Wir haben zum Beispiel Studenten, die sich für die SophiA-Systeme interessieren und dazu Studien- und Abschlussarbeiten verfassen. Studenten des Bachelorstudiengangs Erneuerbare Energien und Umwelttechnik sowie des Masterstudiengangs Energy and Environment der OST überwachen beispielsweise Anlagen in Burkina Faso, Malawi und Uganda. Sie sammeln und analysieren Daten. Kontinuität ist äusserst wichtig. Ebenso wichtig sind gute Businessmodelle. Diese wurden an der Makerere University in Uganda entwickelt.

Also profitieren auch Studenten der OST von Projekten wie SophiA?

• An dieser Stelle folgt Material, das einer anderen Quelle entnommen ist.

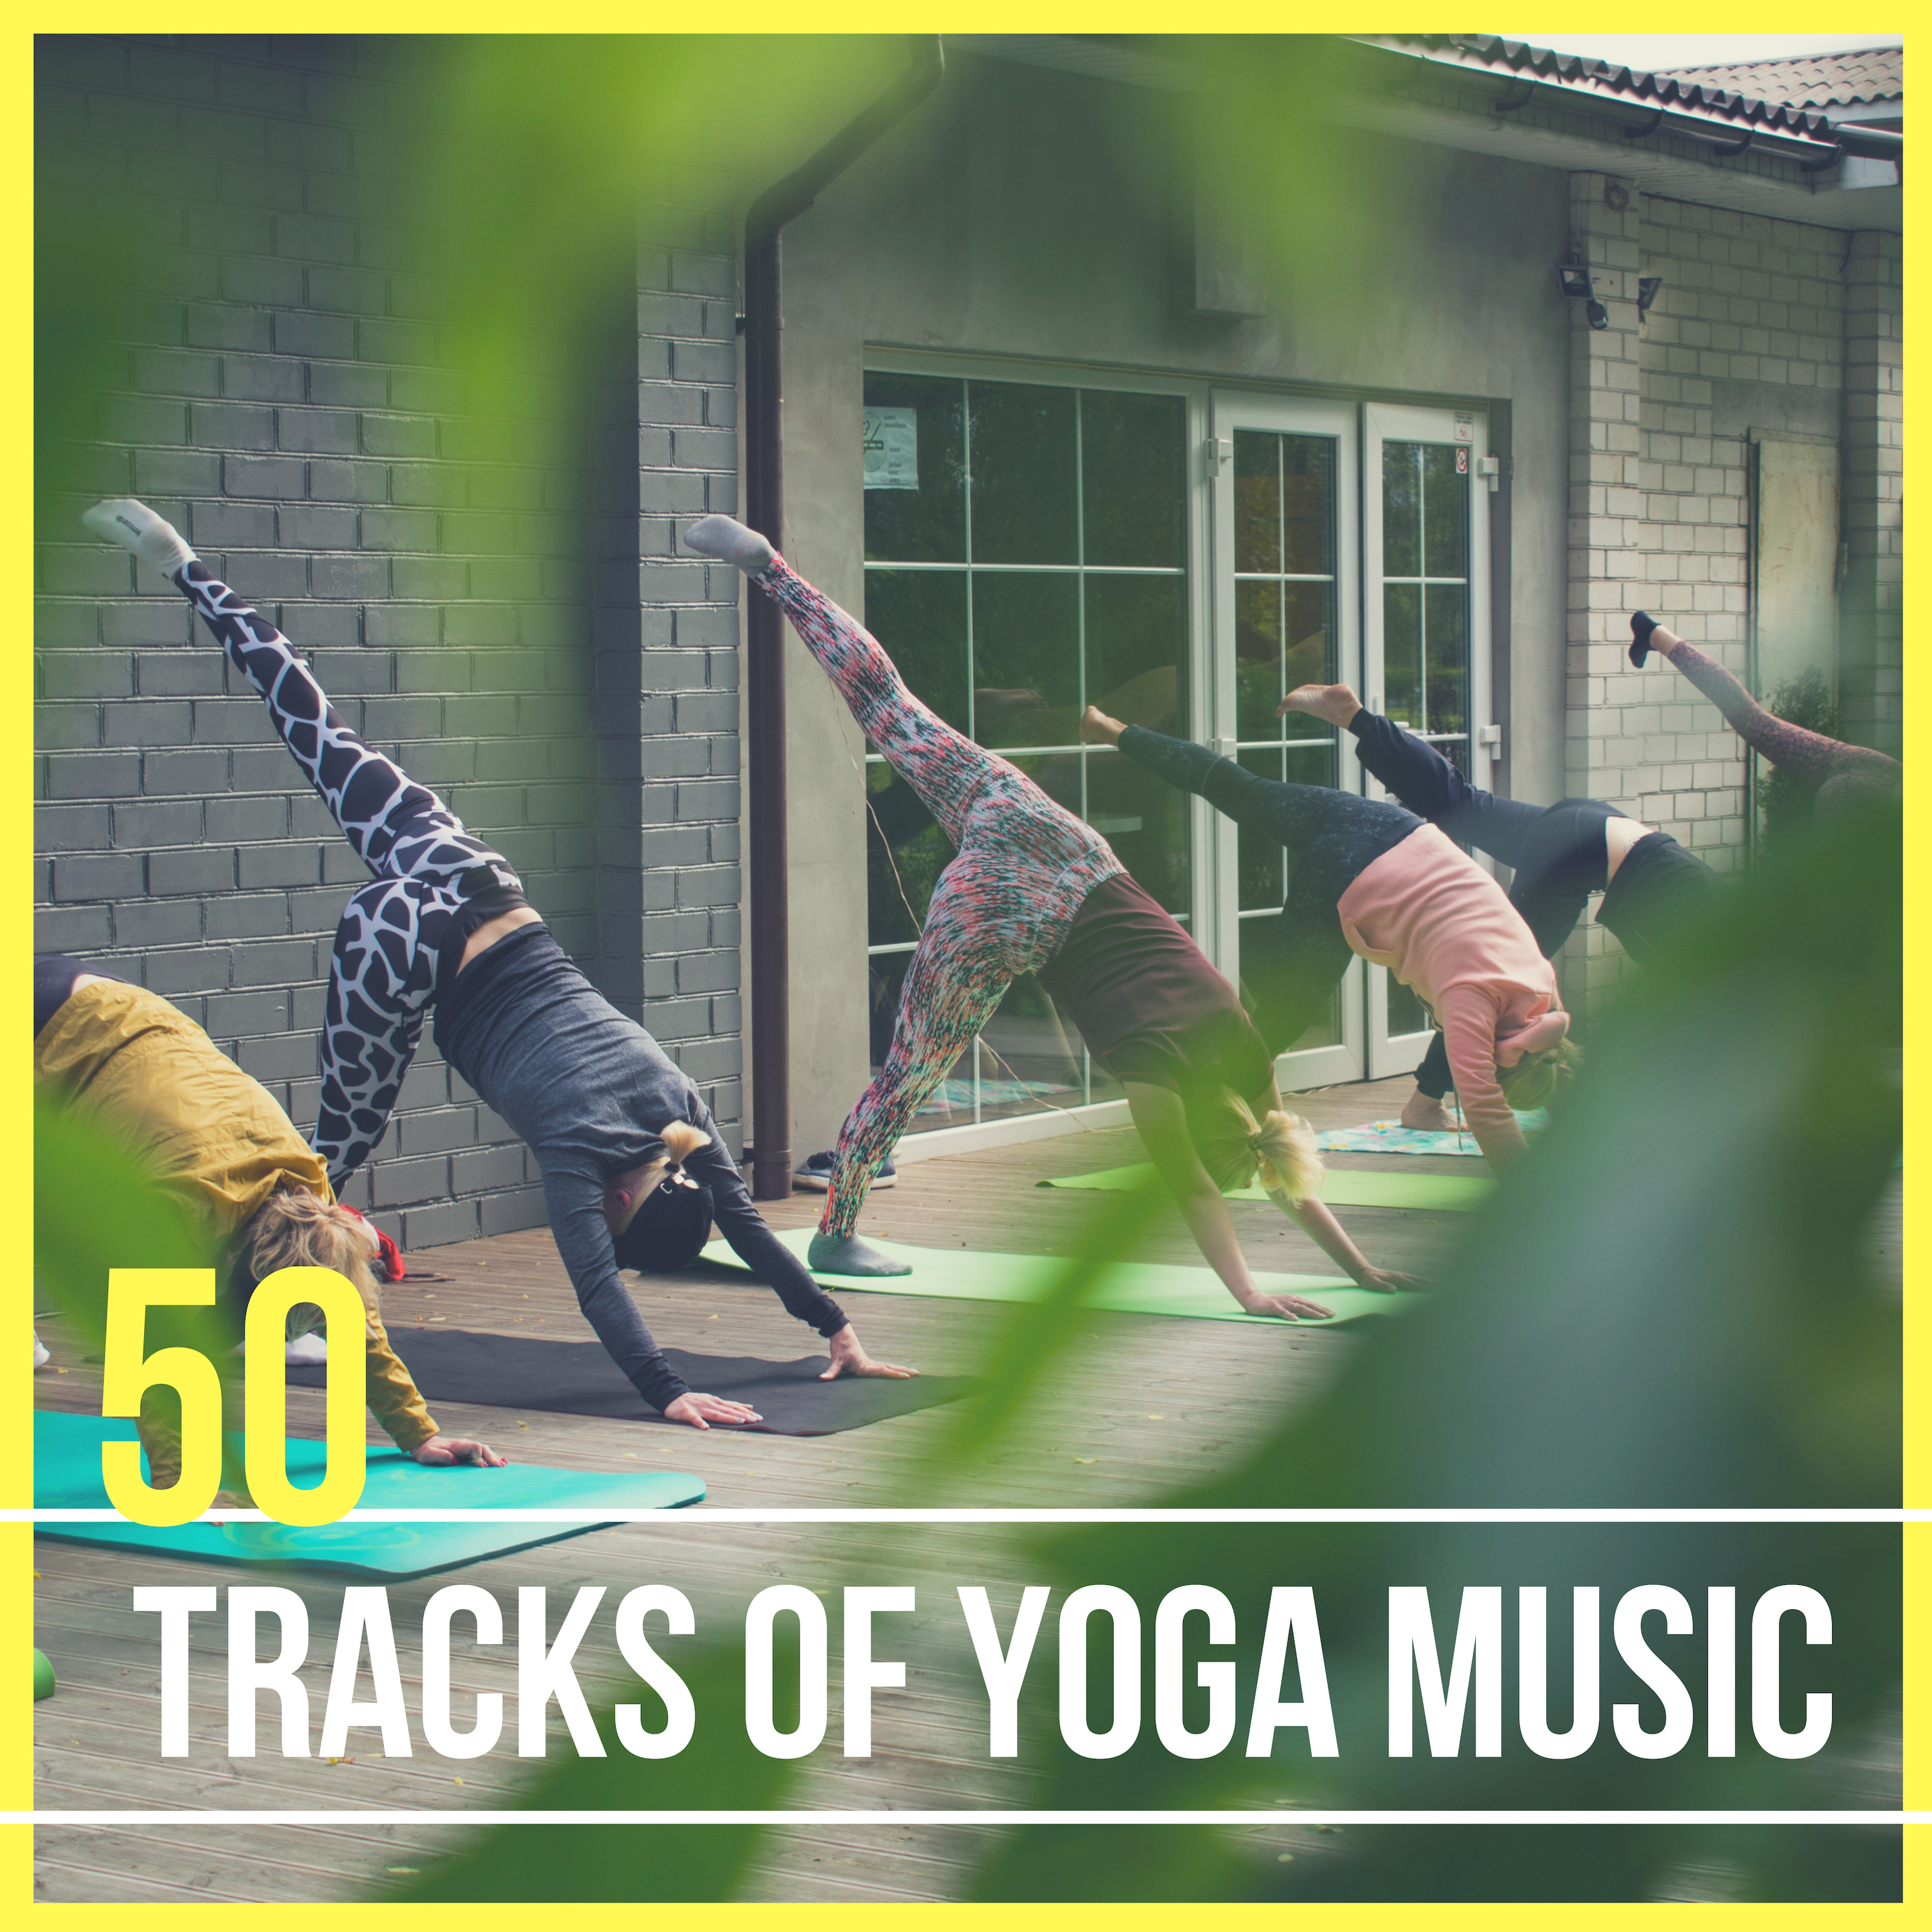 50 Tracks of Yoga Music

Auf jeden Fall. Wir hatten mehrere Studenten, die an SophiA mitgewirkt haben und zum Teil auch vor Ort waren. Für die Studenten sind das sehr wichtige Erfahrungen, die sie auch fachlich weiterbringen. So herausfordernde Arbeitsfelder wie in einem solchen Projekt finden wir in Europa nicht. Die Studenten lernen vor Ort, mit den verfügbaren Mitteln etwas auf die Beine zu stellen. Das fördert das Out-of-the-Box-Denken und vertieft das Verständnis der Technik. Das Gleiche gilt selbstverständlich auch für unsere Mitarbeiter, von denen mehrere mehrmals in Afrika waren.

Und wie schätzen Sie die soziale Erfahrung der Studenten ein?
Sie ist mindestens genauso wichtig wie das technische Know-how, das sie erwerben. Projekte wie SophiA zeigen, wie wichtig es ist, gerade auch im Umwelt- und Klimaschutz global zu denken. Wir sitzen alle auf dem gleichen Schiff – wir haben nur diese eine Erde.